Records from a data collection
***
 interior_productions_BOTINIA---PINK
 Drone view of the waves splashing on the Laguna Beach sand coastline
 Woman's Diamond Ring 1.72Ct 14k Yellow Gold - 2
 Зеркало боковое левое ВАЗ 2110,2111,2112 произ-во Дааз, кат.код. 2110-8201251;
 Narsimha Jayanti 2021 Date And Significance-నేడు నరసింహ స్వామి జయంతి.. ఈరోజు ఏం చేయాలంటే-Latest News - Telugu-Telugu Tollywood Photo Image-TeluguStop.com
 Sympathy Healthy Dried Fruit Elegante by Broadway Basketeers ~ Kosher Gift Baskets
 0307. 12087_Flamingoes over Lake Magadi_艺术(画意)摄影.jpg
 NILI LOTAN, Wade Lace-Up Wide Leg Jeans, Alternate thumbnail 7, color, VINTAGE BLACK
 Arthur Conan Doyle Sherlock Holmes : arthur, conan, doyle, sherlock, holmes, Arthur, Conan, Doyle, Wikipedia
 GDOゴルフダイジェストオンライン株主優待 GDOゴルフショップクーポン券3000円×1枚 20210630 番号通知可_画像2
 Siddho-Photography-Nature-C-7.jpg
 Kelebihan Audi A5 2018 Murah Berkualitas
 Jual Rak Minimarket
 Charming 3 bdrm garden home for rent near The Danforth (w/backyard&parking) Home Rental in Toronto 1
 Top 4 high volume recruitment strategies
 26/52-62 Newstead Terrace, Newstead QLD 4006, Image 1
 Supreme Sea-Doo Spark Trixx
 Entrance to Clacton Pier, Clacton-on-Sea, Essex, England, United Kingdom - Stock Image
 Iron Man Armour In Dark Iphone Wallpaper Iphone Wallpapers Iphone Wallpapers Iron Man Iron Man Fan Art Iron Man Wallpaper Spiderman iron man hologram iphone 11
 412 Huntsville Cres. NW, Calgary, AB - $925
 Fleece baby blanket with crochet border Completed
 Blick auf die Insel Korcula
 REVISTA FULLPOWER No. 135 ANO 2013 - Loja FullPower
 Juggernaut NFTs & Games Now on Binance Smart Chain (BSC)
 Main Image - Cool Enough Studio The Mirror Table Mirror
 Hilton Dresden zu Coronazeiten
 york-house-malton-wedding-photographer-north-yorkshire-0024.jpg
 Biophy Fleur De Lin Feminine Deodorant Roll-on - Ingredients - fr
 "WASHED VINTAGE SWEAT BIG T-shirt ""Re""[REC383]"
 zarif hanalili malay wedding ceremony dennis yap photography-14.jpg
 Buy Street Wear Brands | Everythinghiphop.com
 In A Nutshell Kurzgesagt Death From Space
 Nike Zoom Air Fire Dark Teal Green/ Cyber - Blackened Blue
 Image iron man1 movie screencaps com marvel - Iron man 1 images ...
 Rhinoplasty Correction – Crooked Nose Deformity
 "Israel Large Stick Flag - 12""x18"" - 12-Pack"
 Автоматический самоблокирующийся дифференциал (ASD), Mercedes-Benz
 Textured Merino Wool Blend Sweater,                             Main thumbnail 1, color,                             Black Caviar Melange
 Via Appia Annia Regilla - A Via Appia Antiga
***
- AIM OF THE EXERCISE:
From the entries above, return exactly the line containing "Fleece baby blanket", the line containing "Hilton Dresden zu Coronazeiten", and all lines between, and nothing else.

- ANSWER BOX:
 Fleece baby blanket with crochet border Completed
 Blick auf die Insel Korcula
 REVISTA FULLPOWER No. 135 ANO 2013 - Loja FullPower
 Juggernaut NFTs & Games Now on Binance Smart Chain (BSC)
 Main Image - Cool Enough Studio The Mirror Table Mirror
 Hilton Dresden zu Coronazeiten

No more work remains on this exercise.